The Southern Baptist Convention, according to its own books of reports, lost just over a million members during the past four years, over 750,000 of those in 2019 and 2020 with the biggest decrease coming just this past year, 425,000. You'd expect in-person church attendance to be down over the past year because of COVID-19, but this isn't an attendance issue.  These numbers represent church members who are leaving the membership of the Southern Baptist churches to which they have belonged and have made a commitment of support in the past.  Trumpism, and its politics of fear, baseless conspiracy theories, outright lies, requirement of personal loyalty and the gross immorality of its leader doesn't fit well with Evangelical Christian theology.
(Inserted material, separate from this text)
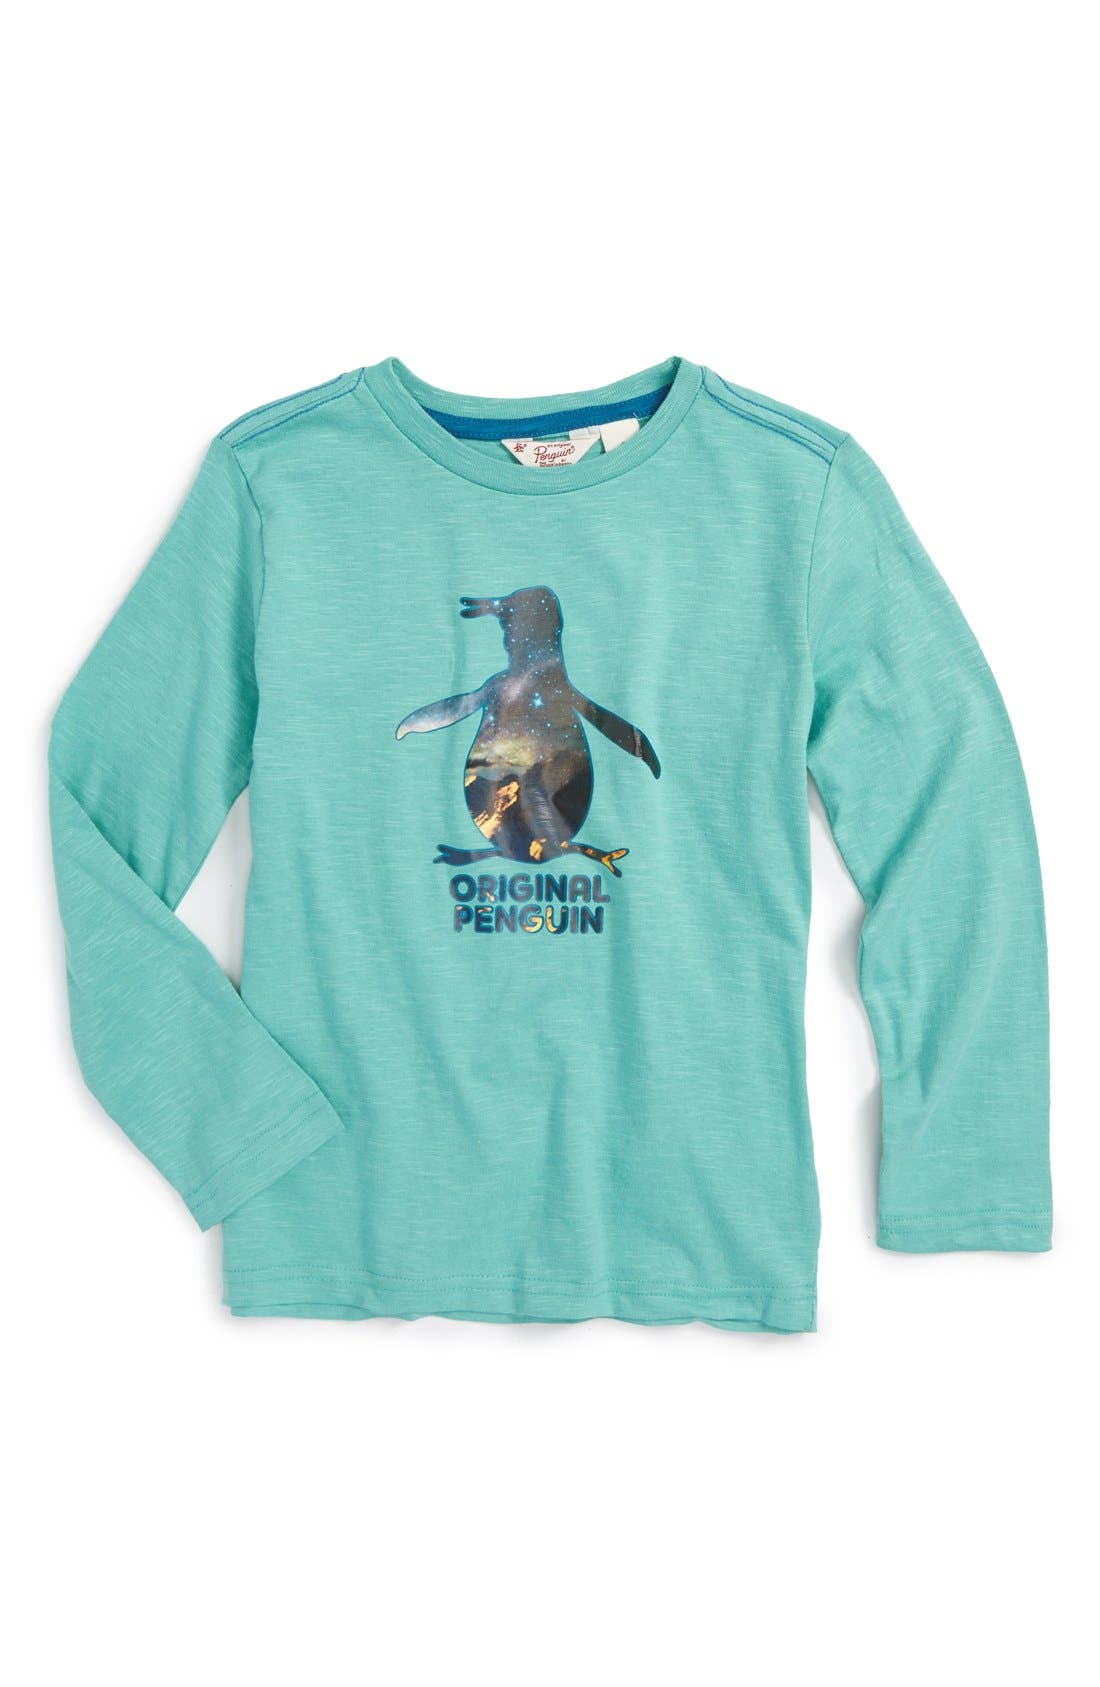 Original Penguin 'Iced Pete' Long Sleeve Slub Graphic T-Shirt (Toddler Boys, Little Boys & Big Boys)
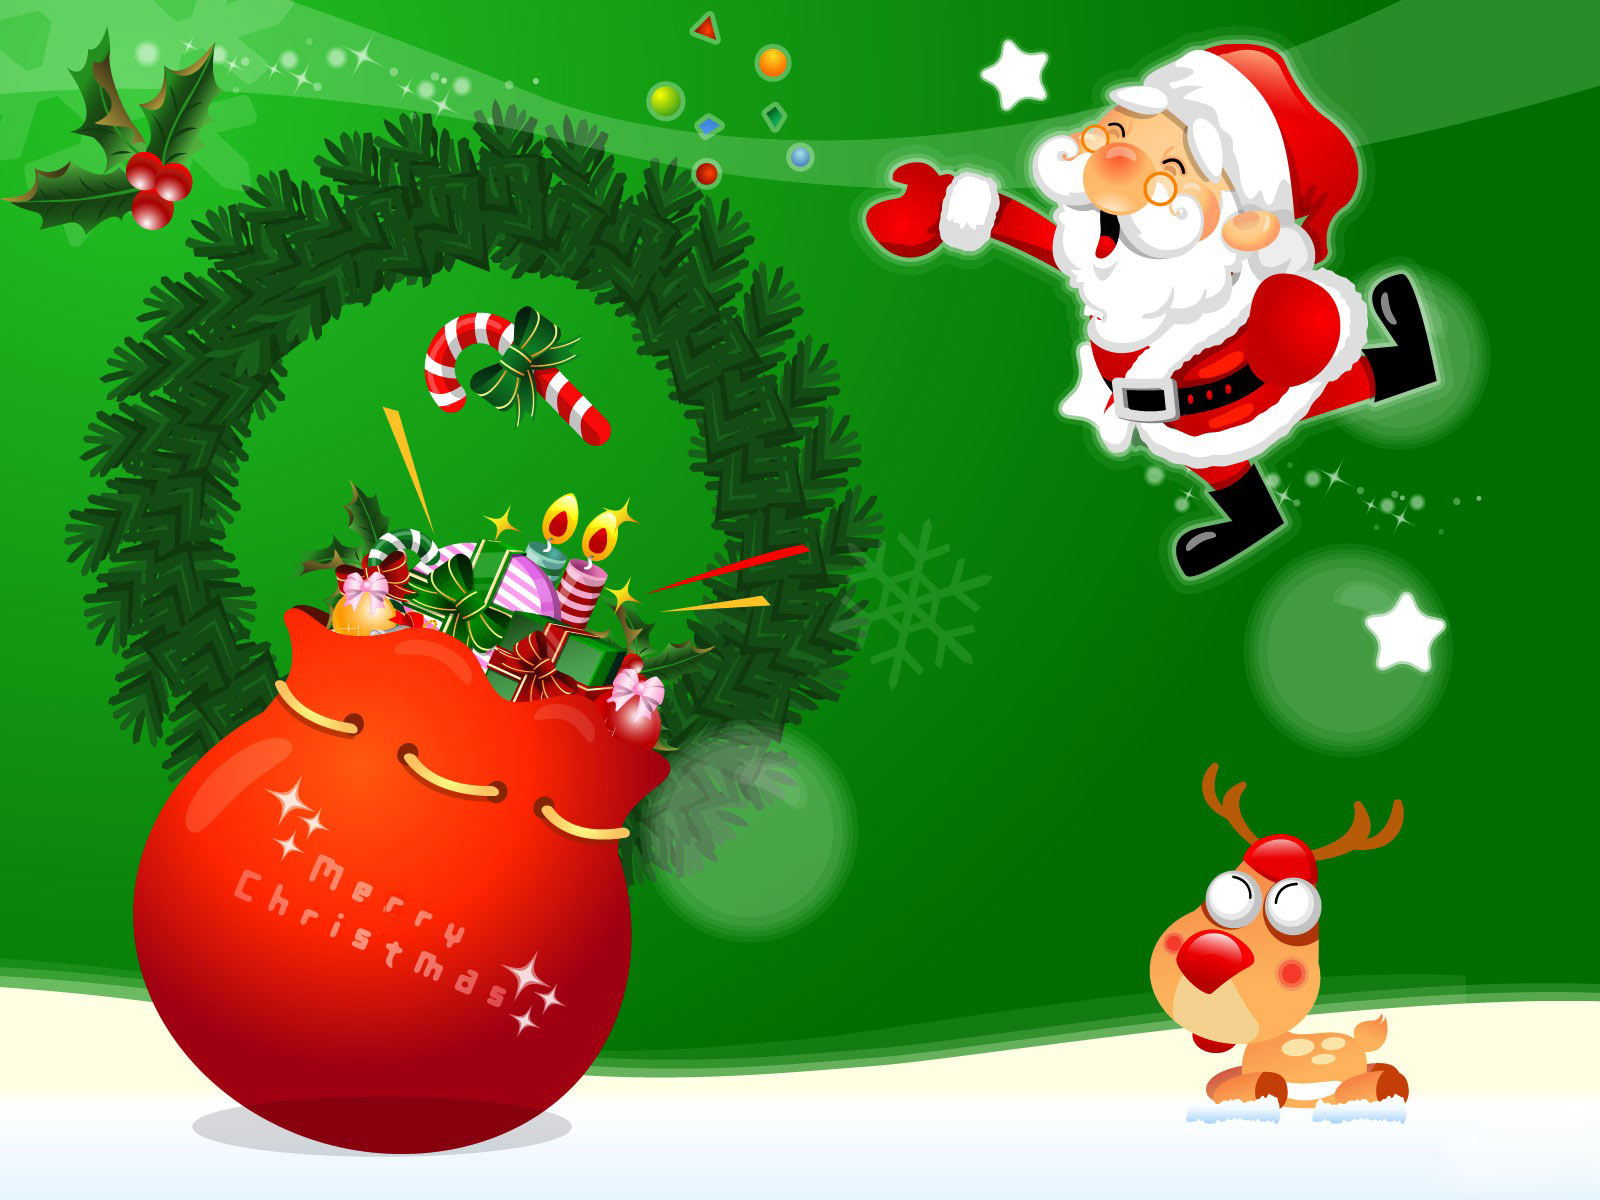 Holiday Wallpaper For Ipad: Free IPad Retina HD Wallpapers

And it looks like the incompatible demands of loyalty to the Trump cult and its leader, which requires buying into and excusing his immorality and supporting and spreading his lies, all of which runs counter to Evangelical teaching and practice, are taking quite a toll. 

 The Christian scriptures, in Matthew 6:24, give a clear reason why: 

No one can serve two masters for either he will hate the one and love the other or he will be devoted to one and despise the other.  You cannot serve both God and money.  

David French, in The Dispatch, puts it this way: 

Fearful believers behave as if the maker of the heavens and earth needs corrupt politicians or corrupt pastors to preserve his people's presence in this land. 

The "leak" of Moore's two letters, one to the executive committee of the ERLC trustee board, the other to current SBC President J. D. Greear, who shares Moore's passion for dealing with sexual abuse in the SBC, intensifies the decisions that will be made at the SBC next week, including which of four candidates will become president of the denomination.  One of the candidates was among those Moore mentions in both letters as being party to the "psychological terror" to which he was being subjected. 

This quote from John Stott in The Bible: God's Word for Today, sums up the decision Southern Baptists will face next week in their annual convention: 

Nothing is more obnoxious in those of us who claim to follow Jesus Christ than arrogance, and nothing is more appropriate or attractive than humility.  And an essential element in Christian humility is the willingness to hear and receive God's word.  Perhaps the greatest of all out needs is to take our place again humbly, quietly and expectantly at the feet of Jesus Christ, in order to listen, attentively to his word, and to believe and obey it.  For we have no freedom to disbelieve or disobey him.  

The ultimate issue before us and the whole church is whether Jesus Christ is Lord (as we say he is) or not.  The question is whether Christ is Lord of the Church (to teach and command it) or the church is lord of Christ (to edit and manipulate his teaching). 

Southern Baptists seem to have been pushed toward the latter.